When my father was dying of cancer, he told me he was at peace with it. He sat most days in the sunroom, surrounded by his books and plants. He said at age 84, he’d seen enough – not that he was satisfied, but it was enough. It wasn’t enough for me.
I went to see the Rabbi because I had an idea. We’d always been told the library under the synagogue held many old texts. Books about anything you could imagine. Secrets. Old secrets. I asked the Rabbi if anyone had searched the texts for cures. Of course they had, he said, but I was welcome to go see for myself. He was humoring me. I knew it, but I didn’t care, so I went down the dusty stairs and looked.
It wasn’t a library so much as a storeroom. It took up the entire basement beneath the synagogue chambers – the main worship room and all the side vestibules – everything. Books were over-stacked on shelves, piled onto large tables and piled underneath too. If there was a system of organization, it had been long abandoned. There was no order, only books, which made it even more exciting. Anything was possible.
I looked around for medical texts, religious texts, anything that caught my eye. I found a few that looked interesting. I carved out a small space where I could sit and thumb through them but on that first night I didn’t find anything.
When I got home my father was still in the sunroom, staring at the stars. It was a cold night, but it was clear and you could see the tip of the Milky Way.
“What were you doing so late?”
“I was looking for a cure for you, in the sacred texts. I was at the synagogue.”
He smiled. He was always happy when I went to the temple for any reason. He didn’t seem to mind it was on a fool’s errand. He seemed agnostic toward my reasons. He put his hand on mine and looked back to the sky. I looked too. It was obvious that’s what he wanted.

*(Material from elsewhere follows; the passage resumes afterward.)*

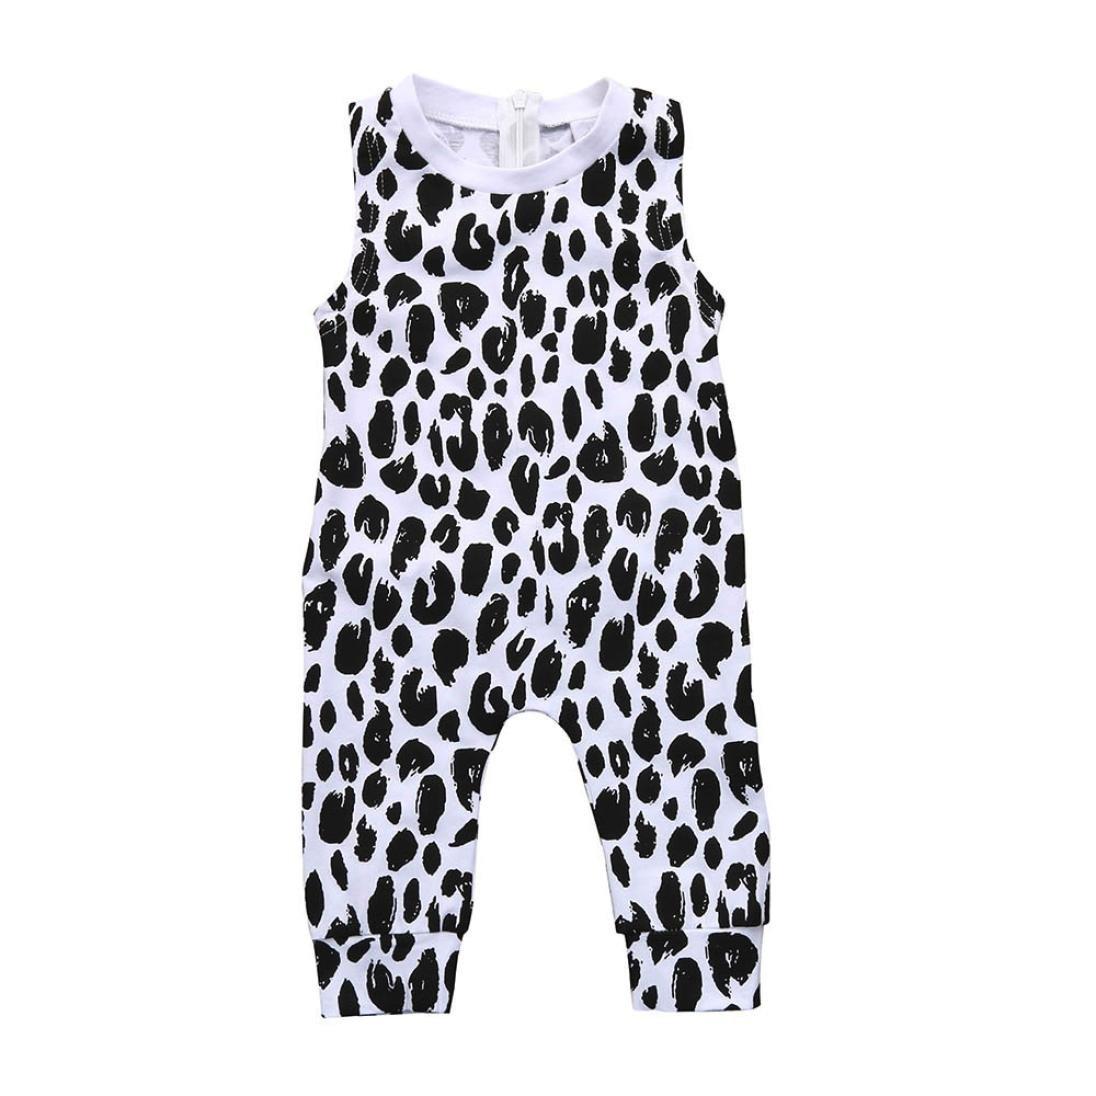 Zerototens Baby Jumpsuit, Toddler Infant Baby Boys Girls Sleepwear Onesie Bodysuit Sleeveless Onepiece Zipper Jumpsuit Clothes Leopard Romper Jumpsuit Trousers Summer Clothes

The next few evenings I went back to the library and on the fifth night I found something. It wasn’t a book but a door. It was hidden behind stacks of books which I’d cleared in a half-hearted attempt to organize those I’d already inspected. I pushed the door open and a stairway led down, into darkness. Of course I went down those steps! If a secret stairwell in a dusty library under a synagogue doesn’t beckon you then you’re probably not worth saving.
After some time there was a light and I followed it down a narrow hallway to a small room. A candle was burning and there was a stone pedestal. There were books all around but there was one sitting open on the stand. It was a medical journal. It took some time but I found the cure for the kind of cancer my father had. It was his pancreas, if I didn’t mention it already. I ran out, excited but also dubious. What were the chances that I would find my answer – and so soon?
Unfortunately, the M7 bus waits for no news. I’d missed the last of the night and it was over 30 blocks home now. I could cut over to the subway but despite the cold I decided to hoof it. When I got home my father was asleep.
The next morning I found him in his sunroom. I told him I’d found a cure but he didn’t seem to care. His alocasias needed water. After lunch I went to him again but this time he was napping. The afternoon sun lit the side of his face. White stubble was there if you looked close, but from the doorway he looked young. I remember when my mother was still alive, not that long ago. When the sun hit the room like this they’d dance in it. Then my father would threaten to put on a record and my mother would shoo him away. It was like that with those two. Now my father lay still. I’d try him again, but for now I’d let him sleep. What was the hurry?